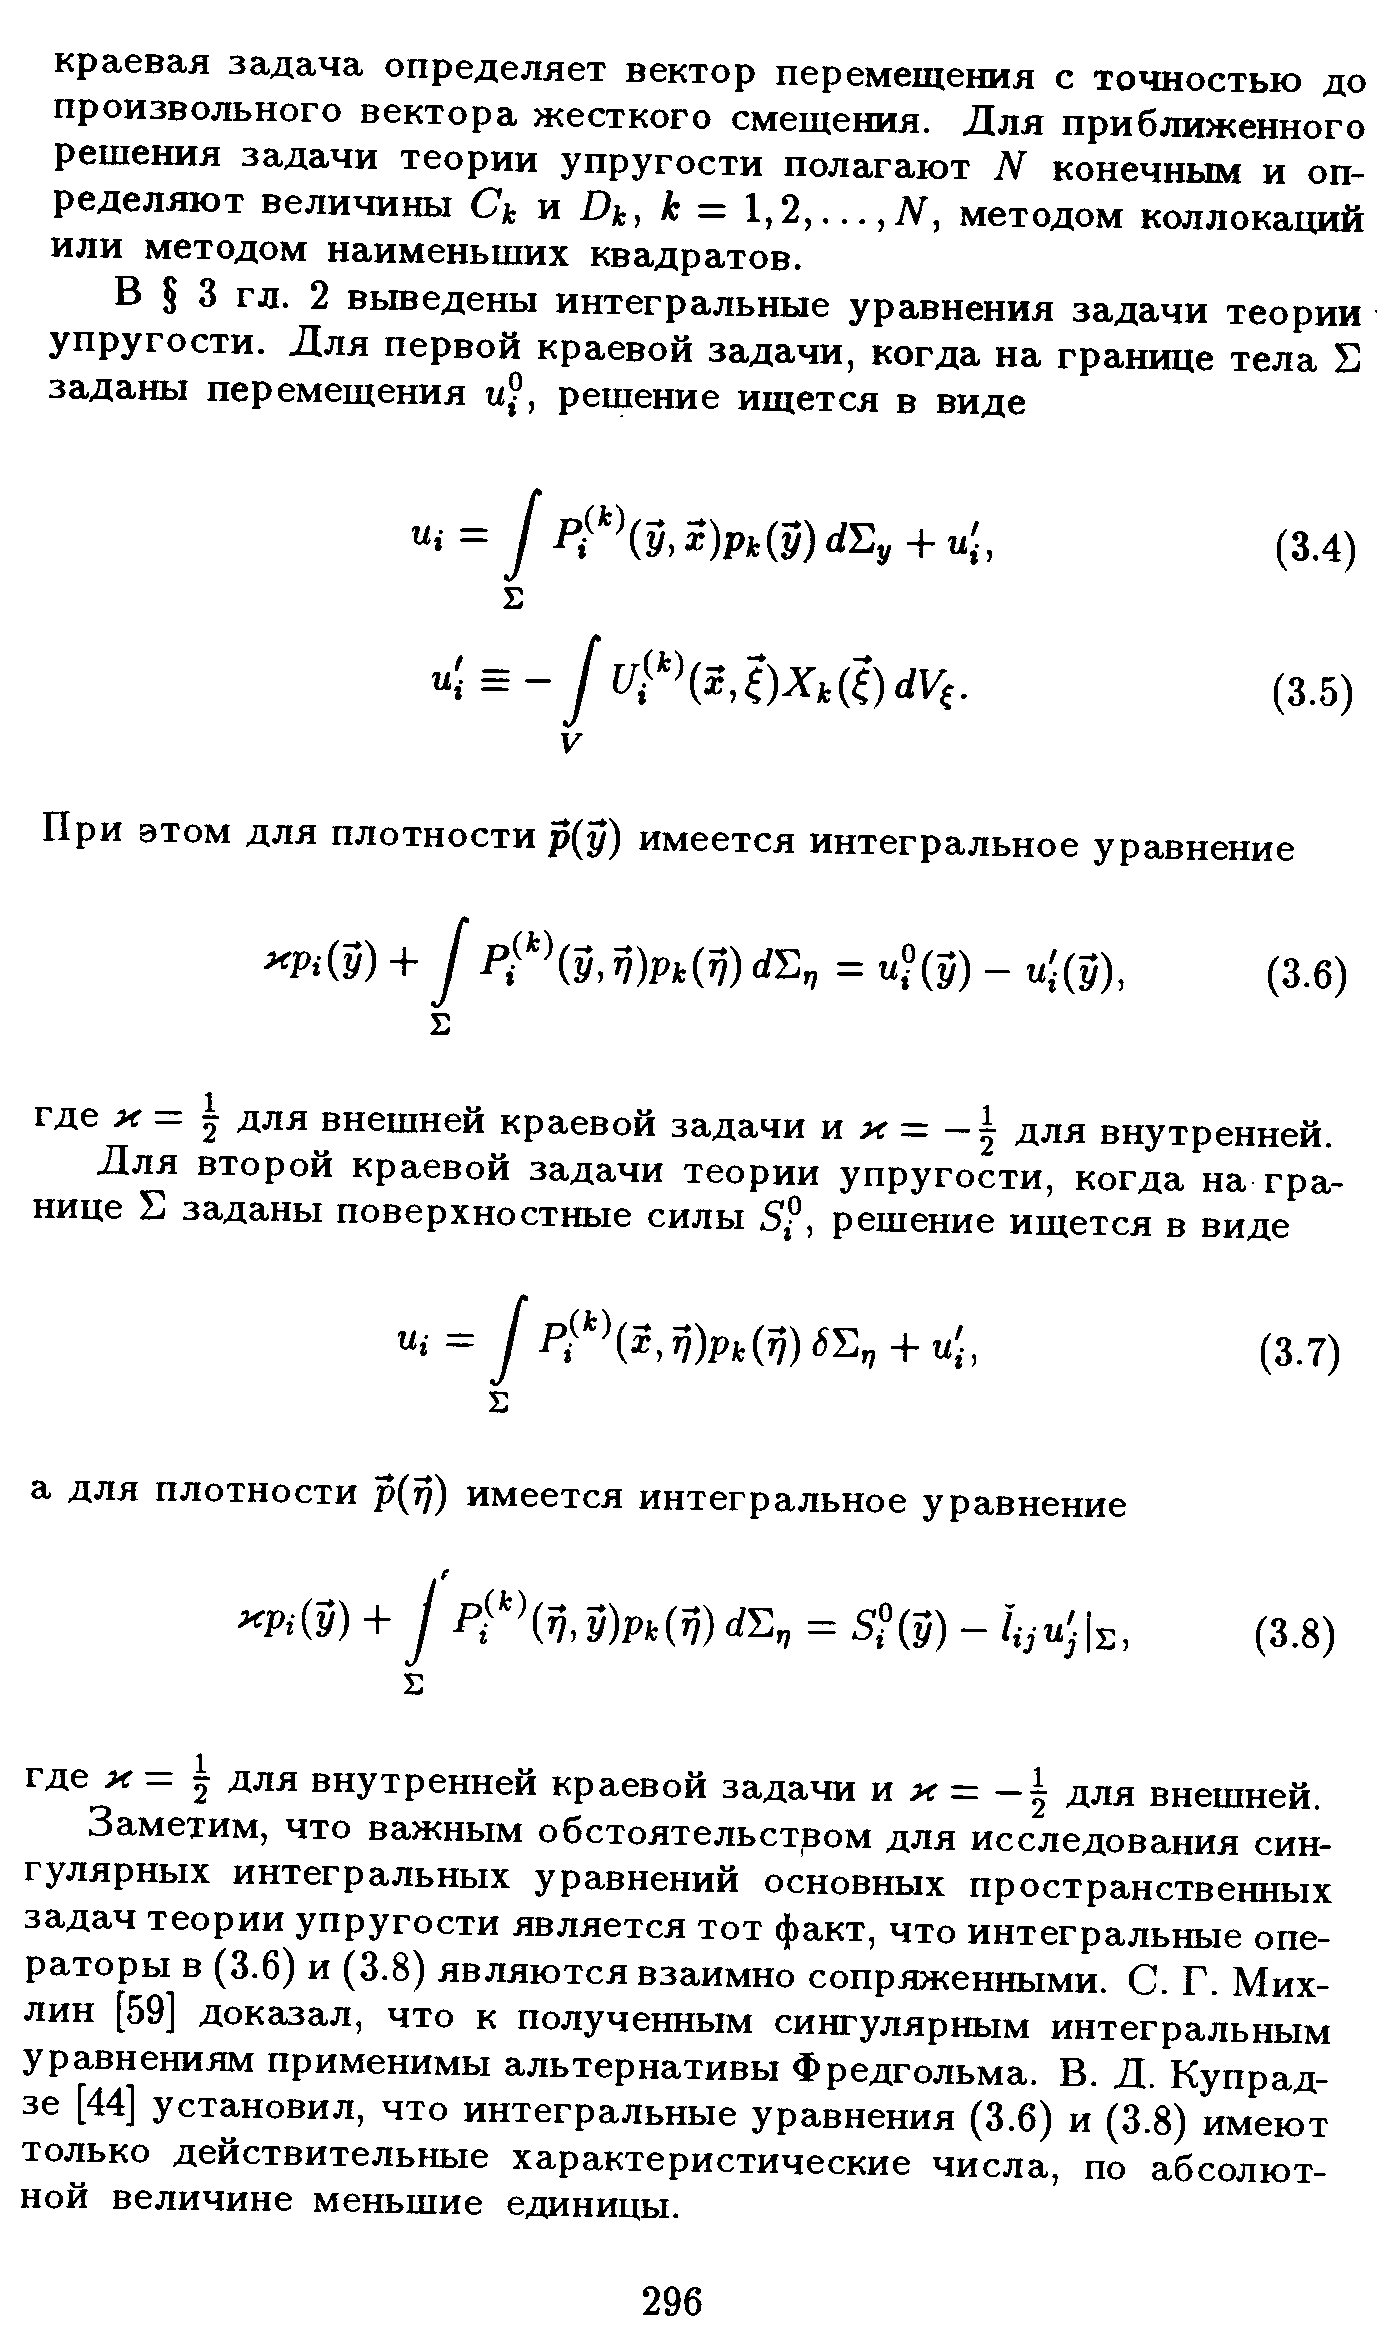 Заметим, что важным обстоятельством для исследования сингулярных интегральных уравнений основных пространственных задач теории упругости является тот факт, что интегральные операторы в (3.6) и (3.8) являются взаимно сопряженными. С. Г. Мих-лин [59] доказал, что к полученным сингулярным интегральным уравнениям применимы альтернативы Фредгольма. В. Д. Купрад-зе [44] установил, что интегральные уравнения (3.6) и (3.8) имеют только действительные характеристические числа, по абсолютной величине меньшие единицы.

◇ ◇ ◇ ◇

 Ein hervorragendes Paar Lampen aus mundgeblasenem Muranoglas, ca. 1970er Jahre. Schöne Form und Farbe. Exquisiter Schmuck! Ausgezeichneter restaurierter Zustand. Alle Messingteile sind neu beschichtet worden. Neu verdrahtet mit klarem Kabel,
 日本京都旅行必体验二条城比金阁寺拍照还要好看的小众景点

◇ ◇ ◇ ◇

What this task involves >>
Could you reproduce exactly the lines of the entries above, from the one with "Ein hervorragendes Paar" through the one with "日本京都旅行必体验二条城比金阁寺拍照还要好看的小众景点", and nothing else?

Solved problem >>
 Ein hervorragendes Paar Lampen aus mundgeblasenem Muranoglas, ca. 1970er Jahre. Schöne Form und Farbe. Exquisiter Schmuck! Ausgezeichneter restaurierter Zustand. Alle Messingteile sind neu beschichtet worden. Neu verdrahtet mit klarem Kabel,
 日本京都旅行必体验二条城比金阁寺拍照还要好看的小众景点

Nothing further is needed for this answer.